I do not like the way you have to micromanage ammunition for every rifle and pistol, there is so many callibres and it makes buying the right one a real nuisance since you have to take some work to find out which ammo is for what rifle, even more so if the rifle has several ones. Some more automatization there for us non-experts on firearms and ca,llibre terminology would be welcomed.

Ran into an issue in Finland, when bagging dropped moose the game tends to crash when approaching the animal beyond maybe 50m or so. For me at least. Or it was area-related, I do not know.


The Mississippi map I found dissapointing by looks.
I grew up in the Finger Lakes region of New York state, which looks pretty much exactly like the New England reserve. My family moved there from up in the Adirondack Mountains, which also look just like the New England reserve. Autumn can be very spectacular, when the leaves change color.

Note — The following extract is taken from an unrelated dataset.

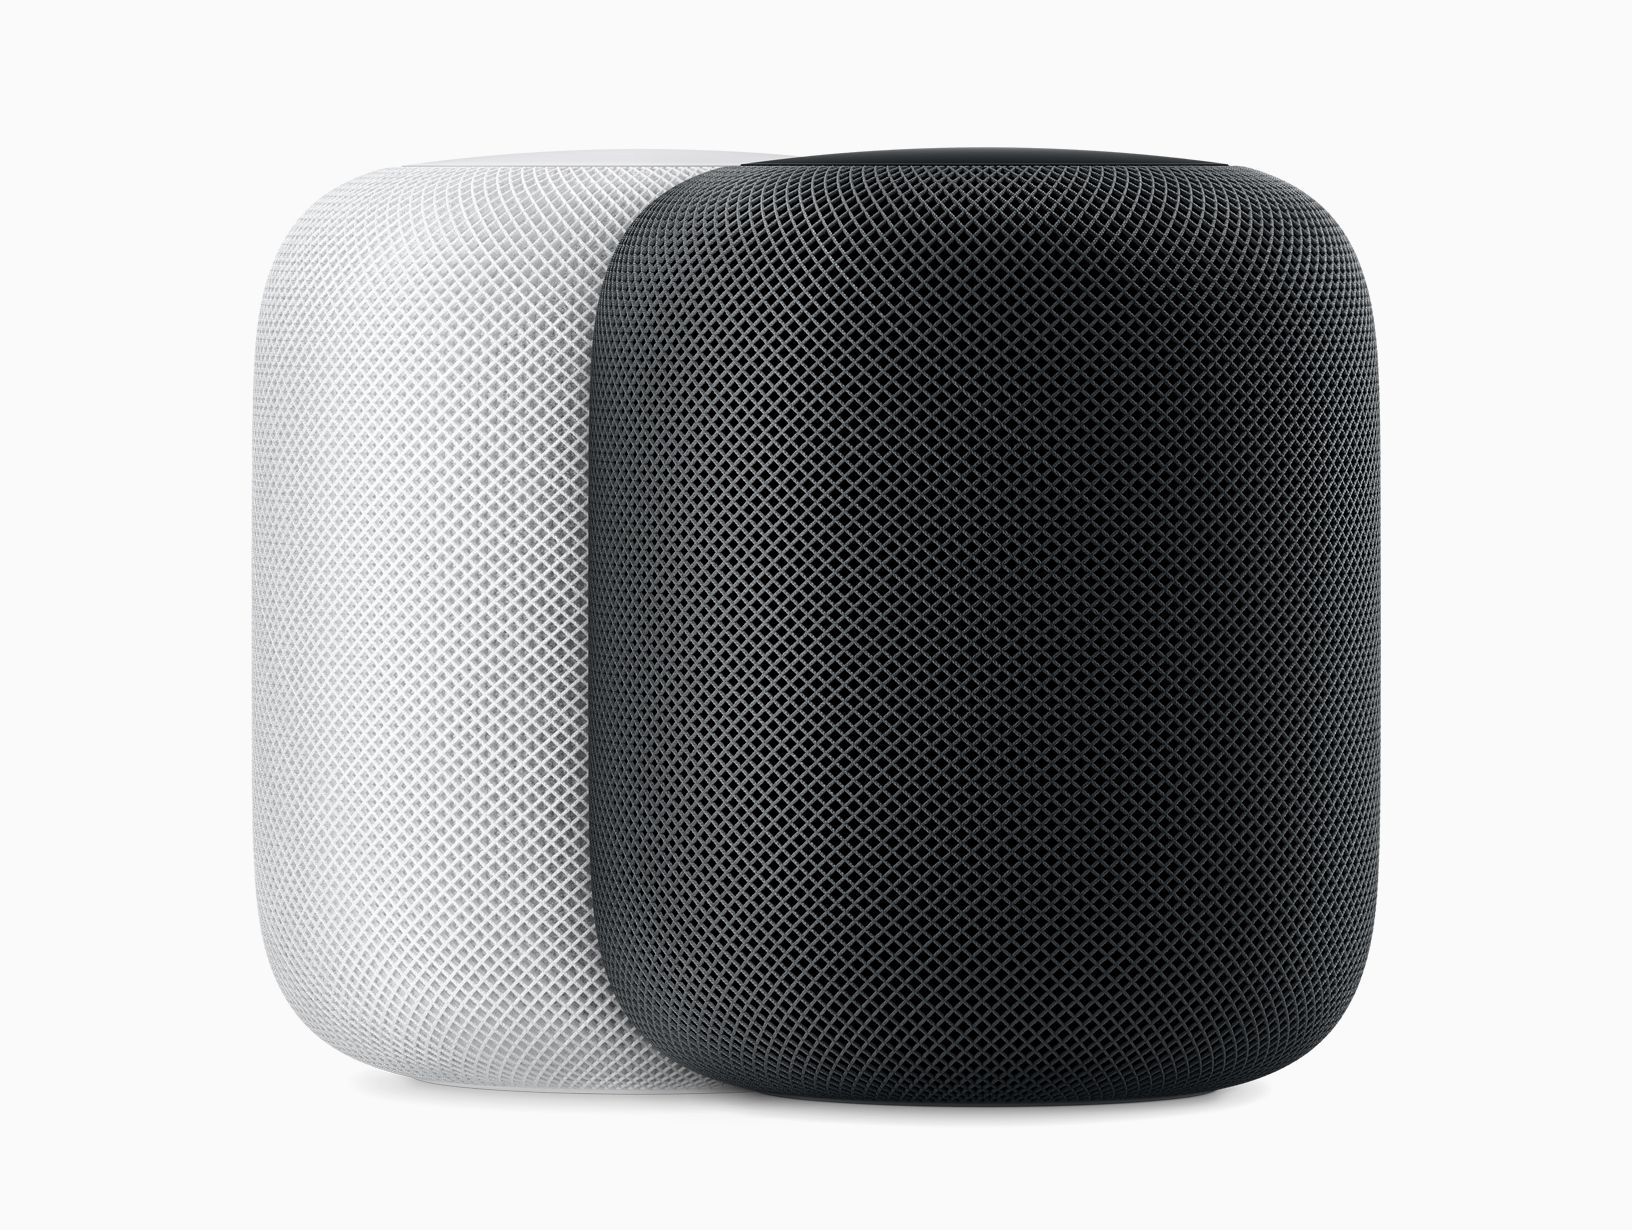 photo of First HomePod Jailbreak Stokes Speculation About Smart Speaker's Hacking Potential image

I try to stick with one shot, one kill. I've taken moose in the game with some very light calibers, one shot, but they were heart shots. I find something in the neighborhood of .30-06 to be a good all-arounder.

In real life, hunting Whitetail Deer (Odocoileus virginianus), you're apt to see the youngest doe first, followed by other doe, then young bucks. If you want a shot at the grand old man, you have to be patient and hold your fire. He's likely to be the last to come along. I suspect that it's probably like that with most species of cervids.